If (I would say “when”) she gets clocked again, is she partially responsible? Absolutely. I also think she’s responsible in part for the injuries of every abused woman who follows her high-profile, irresponsible, violence-provoking (I use that unfortunately inexact word as Smith used it) example.

Smith’s suspension—for a week, almost as long as Rice— to mollify the feminist apologists for their violence enabling sisters, is craven and wrong.

________________________

Facts: ESPN

Oh, NO!!! “The Mikado” Ethics Again (Political Correctness Division)!

[Here…listen to this while you read the post.]

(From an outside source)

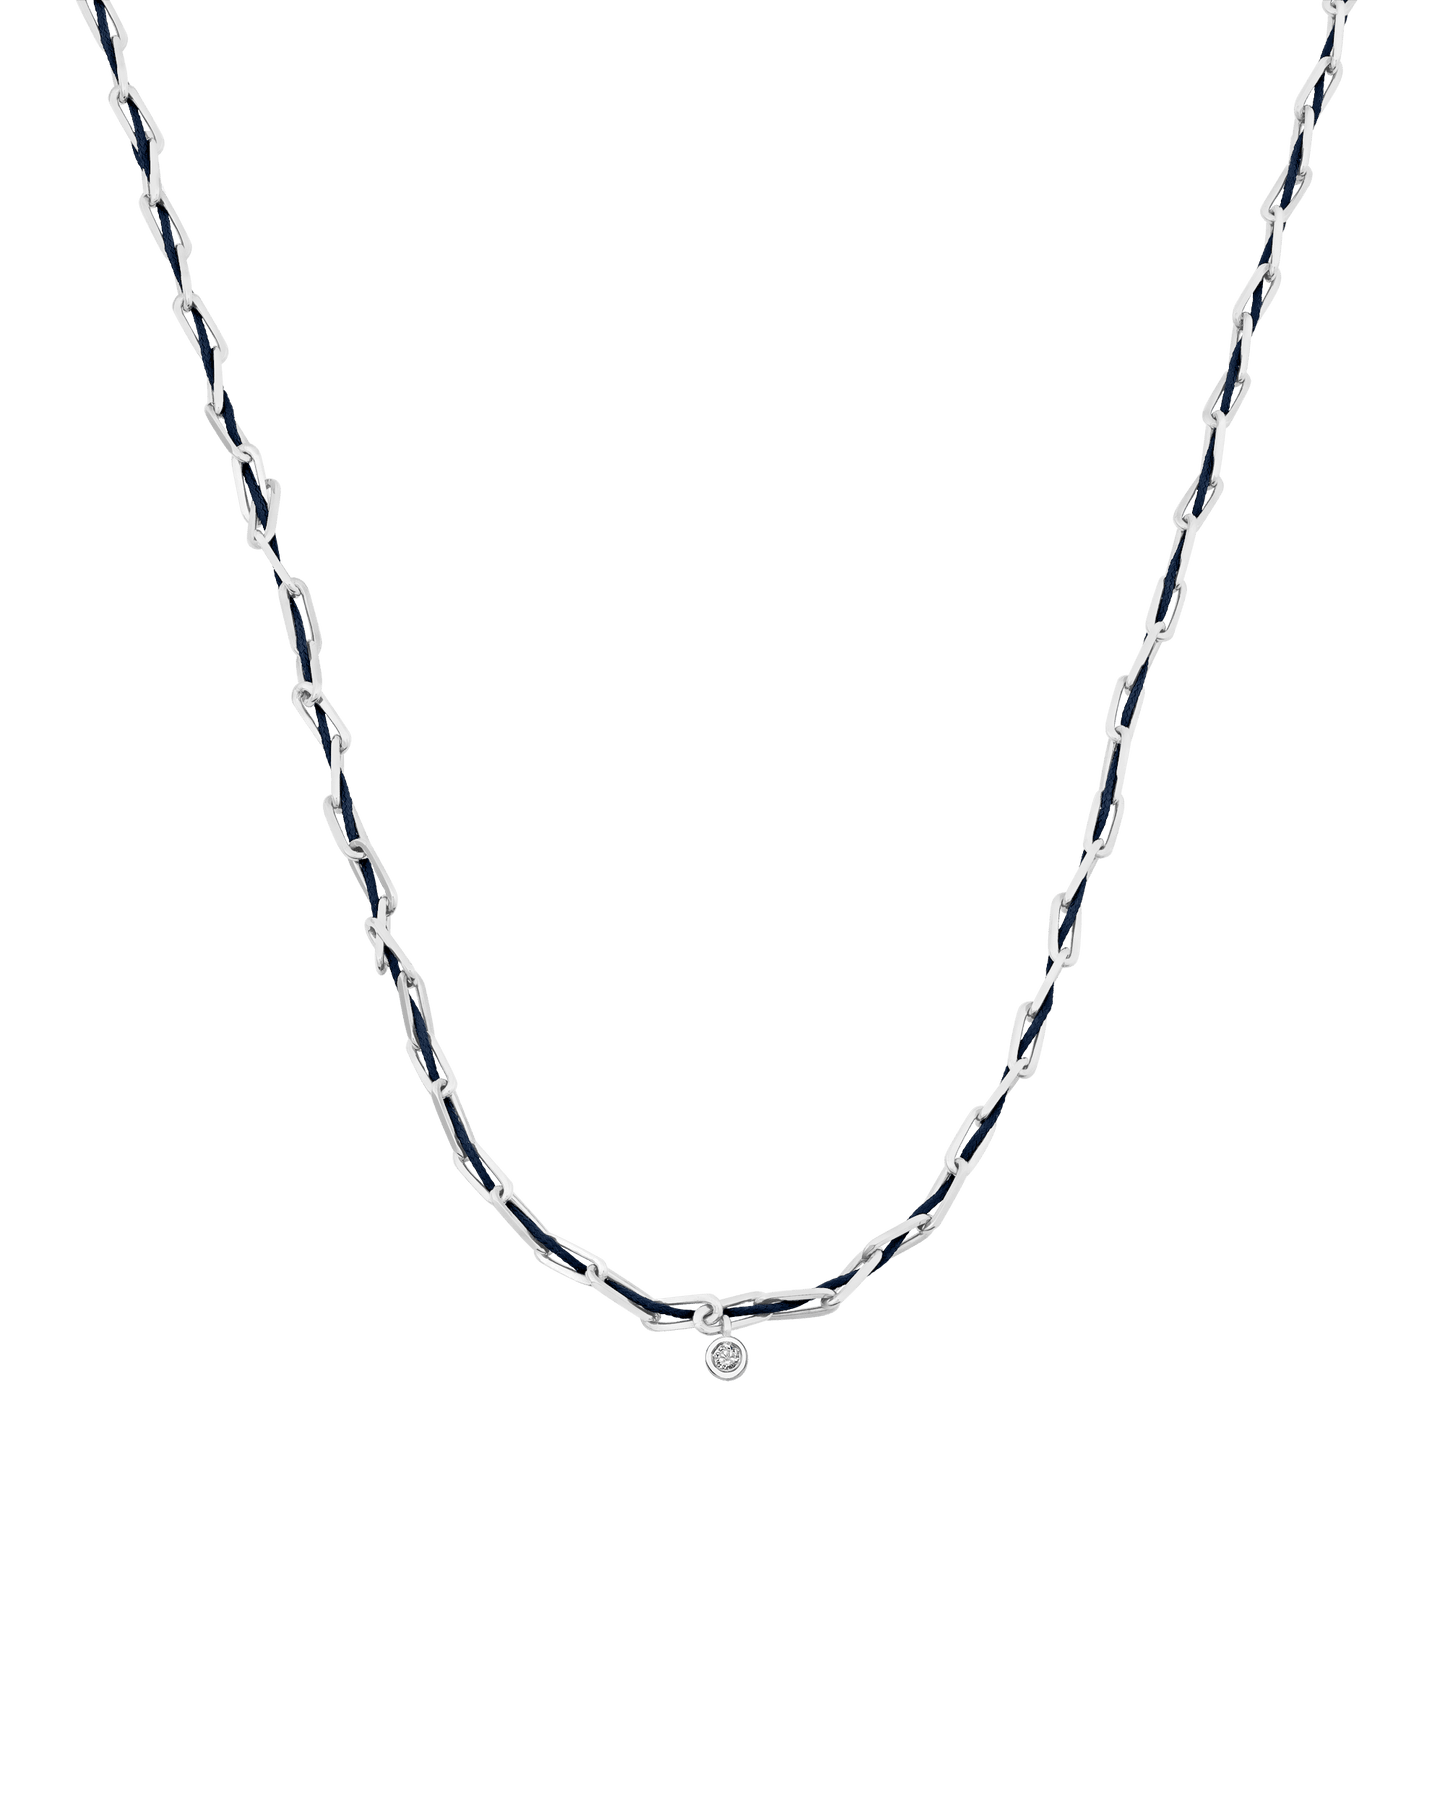 Twine Diamond Necklace - 925 Sterling Silver Necklaces magal-dev Navy Blue Medium: 0.05ct 16"
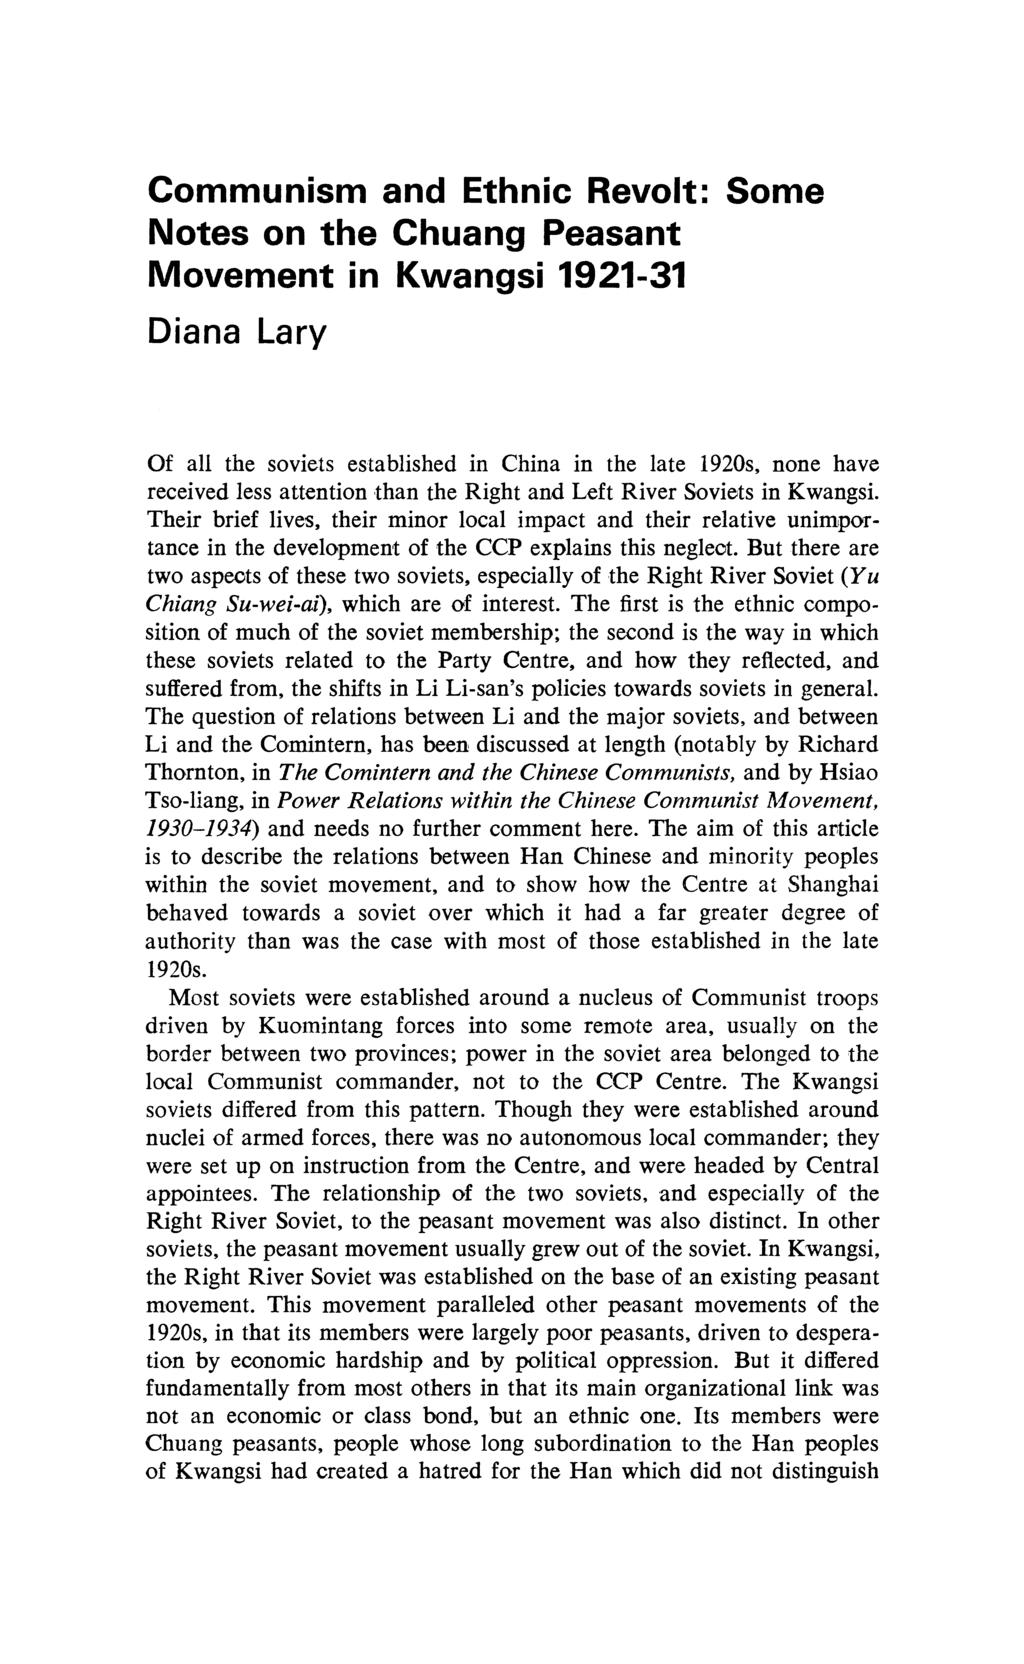 Communism and Ethnic Revolt: Some Notes on the Chuang Peasant Movement in Kwangsi 1921-31 Diana Lary Of all the soviets established in China in the late 1920s, none have received less attention than

I am apparently the official protector of Gilbert and Sullivan’s “The Mikado” from ridiculous accusations of ethics offenses, so once again, I will charge into the breach. No thanks needed, Mr. Gilbert, Sir Arthur—I owe you debts that can never be repaid.

In a brain-endangering op-ed for the Seattle Times, expresses the opinion that the operetta is a “racial caricature,” and thus “every snap of the fan was a slap in the face.” The nature of the complaint has old origins: the original show in 1885 nearly caused an international incident, as Japan registered an official complaint to Great Britain claiming a grievous insult to its people. W.S. Gilbert, who was skilled at such things (a few years later he stifled French indignation over a song in “Ruddigore” that pretended to make fun of the French while actually ridiculing British bravado), explained that “The Mikado” in no way ridicules anything about Japan or its people, but is entirely a witty and original satire on everything British. This was true then, and is true now. Then, however, people, including the Victorian era Japanese, were able to see distinctions, and were not seeking victim status and leave to play public censor under the authority conferred by political correctness. Today, people like Ms. Chan are not so easily calmed.

Thus is art harmed, entertainment stifled, laughter stilled and music forgotten. A good argument could be made that “The Mikado” is the greatest musical comedy entertainment ever written.* It certainly caused the biggest international sensation (the closest rival is another Gilbert and Sullivan classic, “H.M.S. Pinafore”): it is estimated that by the end of 1885, at least 150 companies in Europe and the U.S. were producing the satire. As recently as the 1960s, it was credibly claimed that a “Mikado” was going on somewhere in the world every minute of the day.

The show is fun in every respect: comedy, music, lyrics, satire, characters. It is also fun to act in and produce, for children as well as adults. Unfortunately, several factors have led to the gradual scarcity of productions in recent years, from the cyclical (Gilbert and Sullivan go out of style, but always come back) to the ridiculous ( it seems like every production has to cope with some absurd controversy, like the 2011 Montana production that was accused of threatening Sarah Palin’s life). Political correctness aversion has been the biggest factor in making the very best G&S show rare while productions of Broadway musical junk flourish, however. Since the characters are supposedly “Japanese,” shouldn’t all the singers be Asian? Isn’t Asian make-up offensive like blackface? Oh, hell, let’s just do “The Pirates of Penzance.”